Just before I received Professor Hilton's paper, I noticed a statement in the Los Angeles Times regarding the Sunset Coast Line: "He (Mr. Ward) has described it as an attempt to revive the Pacific Electric's big Red Car system using today's commuter technology." April 8, 1976).

My immediate reaction was that this was putting new wine into old bottles, or perhaps old wine into new bottles; at any rate the most likely result of combining old and new was to get the worst features of both. Perhaps it would be the best, but that was highly improbable.

I came to Southern California a little more than a year ago before the last Pacific Electric service was discontinued, so I never knew the system, but I kept hearing from older residents about how they had loved those Big Red Cars. Having always been fascinated by anything that ran on rails, I sympathized. I thought it shortsighted that the P. E. track on the San Bernardino Freeway median between Los Angeles and El Monte, then used only for local freight, it should not have been converted into a rapid transit line when the Freeway was built. And it might have been wise if some provision had been made to reserve the P. E. rights-of-way for possible future transit use - - perhaps as busways,.

However, after a few years of reading theses and papers dealing with the Pacific Electric, I became acquainted with its balance sheets. These made it clear that however much Southern California may have loved the Big Red Cars, from 1930 on they did not express this affection by paying to ride on them, at least not in sufficient numbers to keep the system solvent. Professor Hilton has confirmed this revised point of view. He makes it abundantly clear that the Pacific Electric died of an ailment best described as incurable obsolescence.

He has offered useful comparisons with other interurbans. The Chicago lines had the advantage of serving a more densely populated area and entering the city over transit and railroad tracks, but still failed. They had a handicap too that the Pacific Electric did not, in competing rail commuter lines, such as the Chicago and Northwestern's North Shore suburban service, which practically paralleled the Chicago North Shore and Milwaukee and still operates. Cleveland’s first rapid transit system, the Shaker Heights line, gained access to the city center over the Nickel Plate Railroad right-of-way, with the result that the present Cleveland Transit Authority's Shaker Heights and Windermere routes, serving the eastern side of the city, have not station between Public Square and 55th Street. This gap includes the Central Business District. At one time an expensive subway loop was planned to serve the CBD, but it has not yet been built.

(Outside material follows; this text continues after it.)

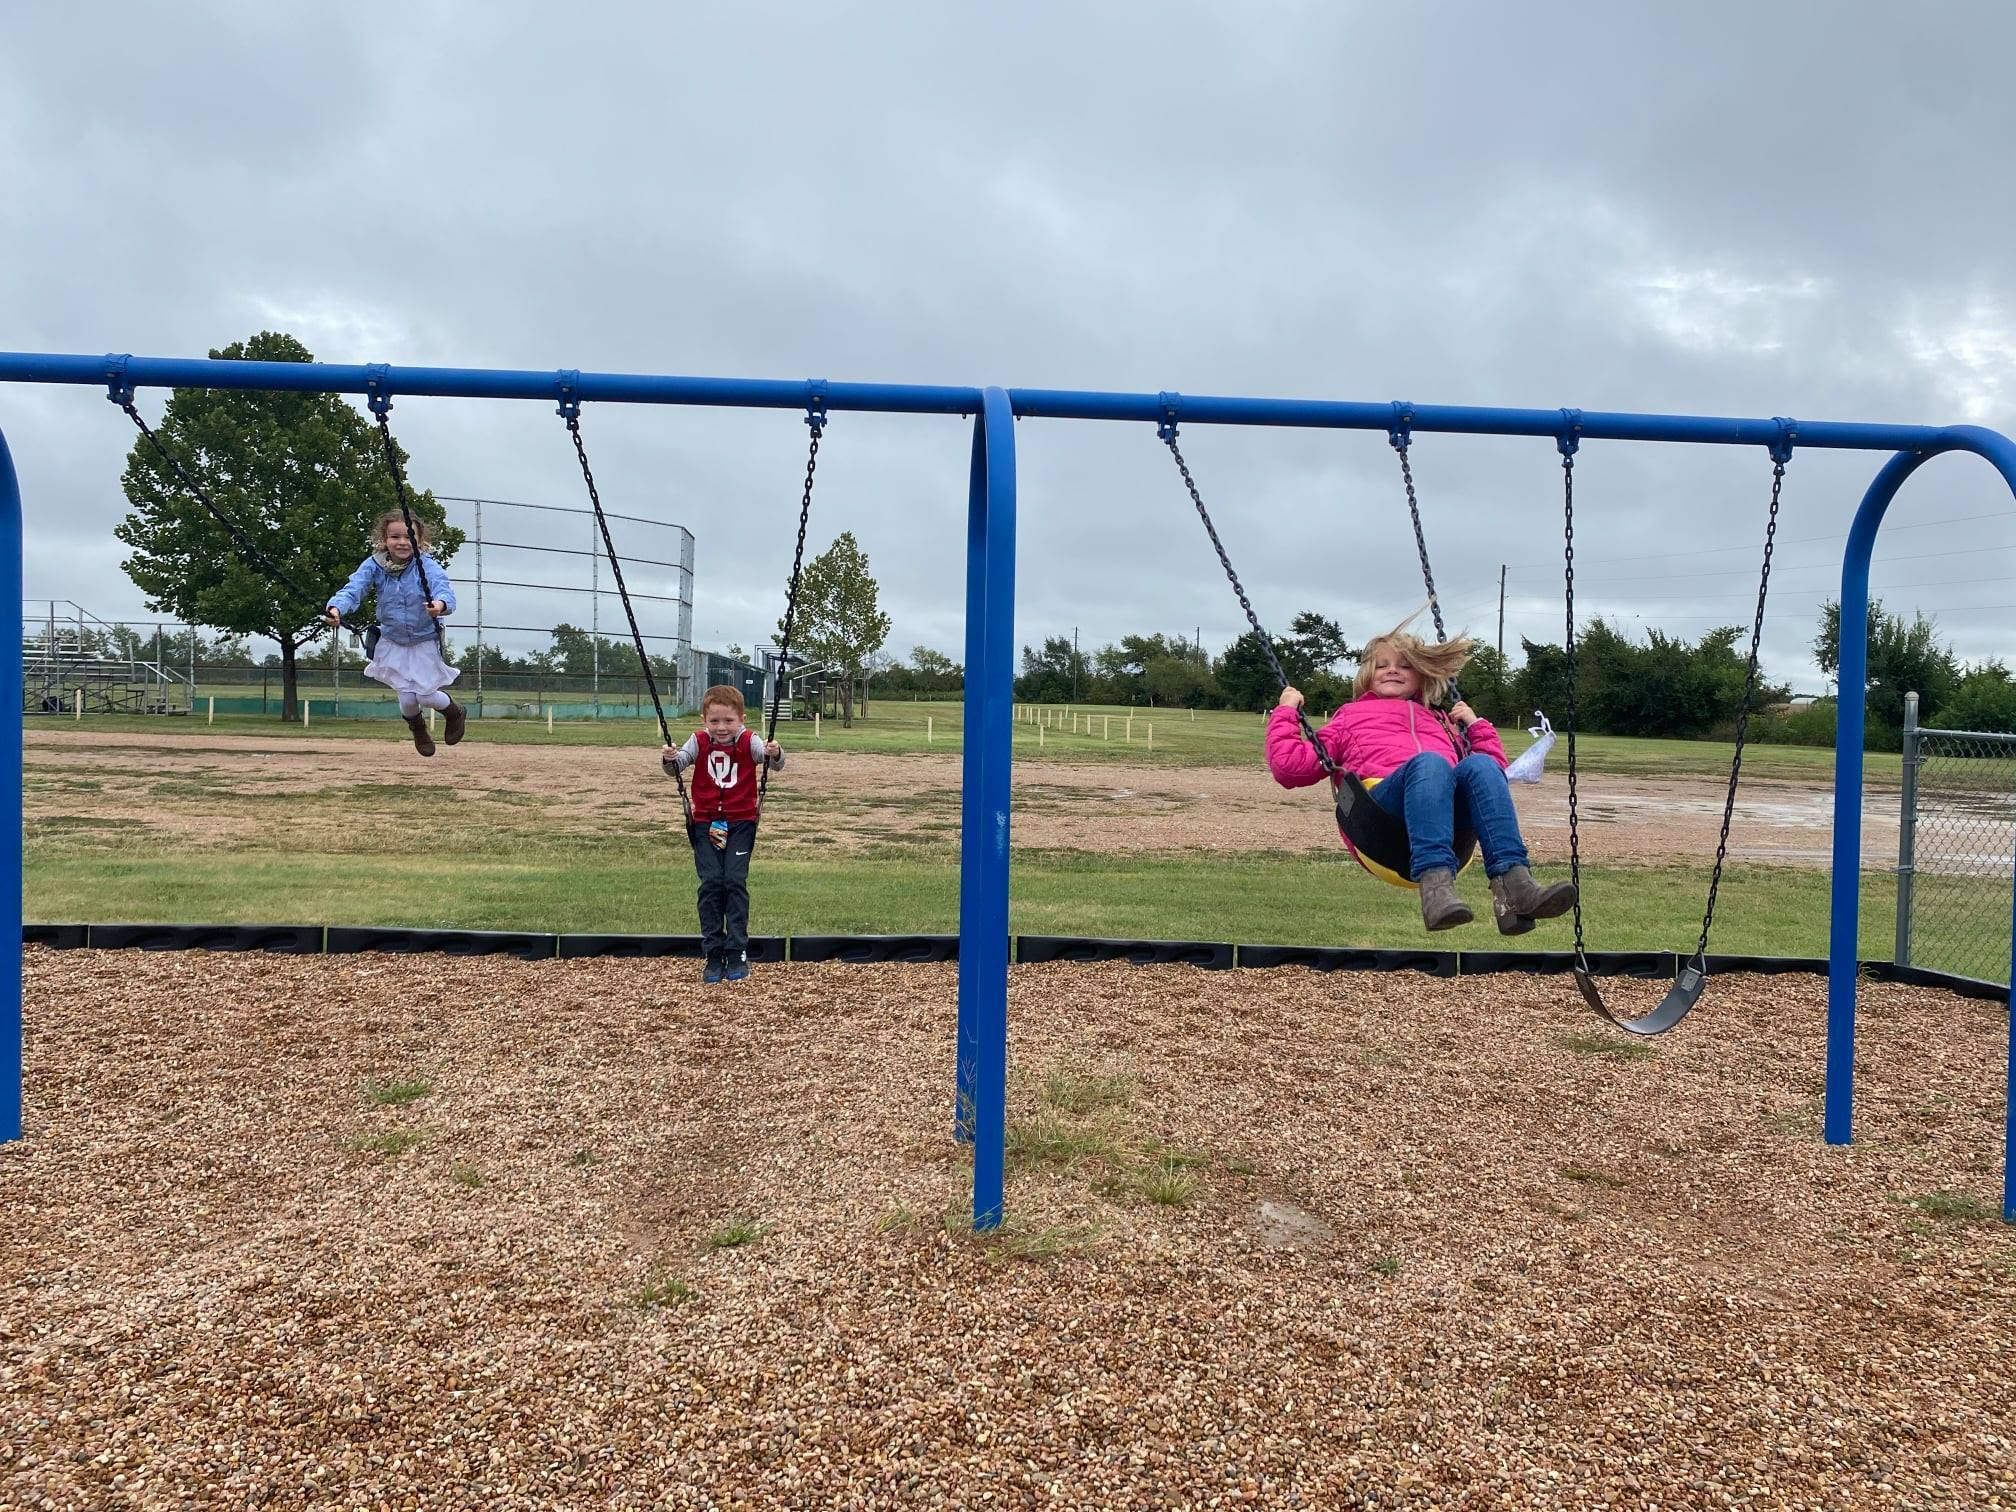 Kids Swinging on Playground

The record seems convincing. Attempting to bring back the Big Red Cars as a comprehensive solution for mass transportation in Greater Los Angeles would be a costly mistake. I any case, let's not mix technologies. If there are specific routes where rail transit is viable choice, then restore essentially the simple Red Car technology. Adding refinements increases cost without corresponding benefits. For example, line-haul above 45 m.p.h. require expensive and complex equipment, increasing the risk of breakdown, and are attainable only by putting stations so far apart as to reduce gravely the usefulness of the system. Accessibility is far more important than speed. Toronto has an excellent public transportation systems, including a modern subway, but it is underused. A survey in 1973 suggested adding sedan chairs to the system since it appeared that patrons would not walk as much as half a mile to reach a station, or even a bus stop. (Los Angeles Times, June 8, 1973.)

If we really want to apply modern commuter technology, let's apply it in modern ways: flexible routing and scheduling of buses, monitoring freeway traffic in terms of car occupancy and time of usage-even determining where some form of fixed guideway may actually be applicable.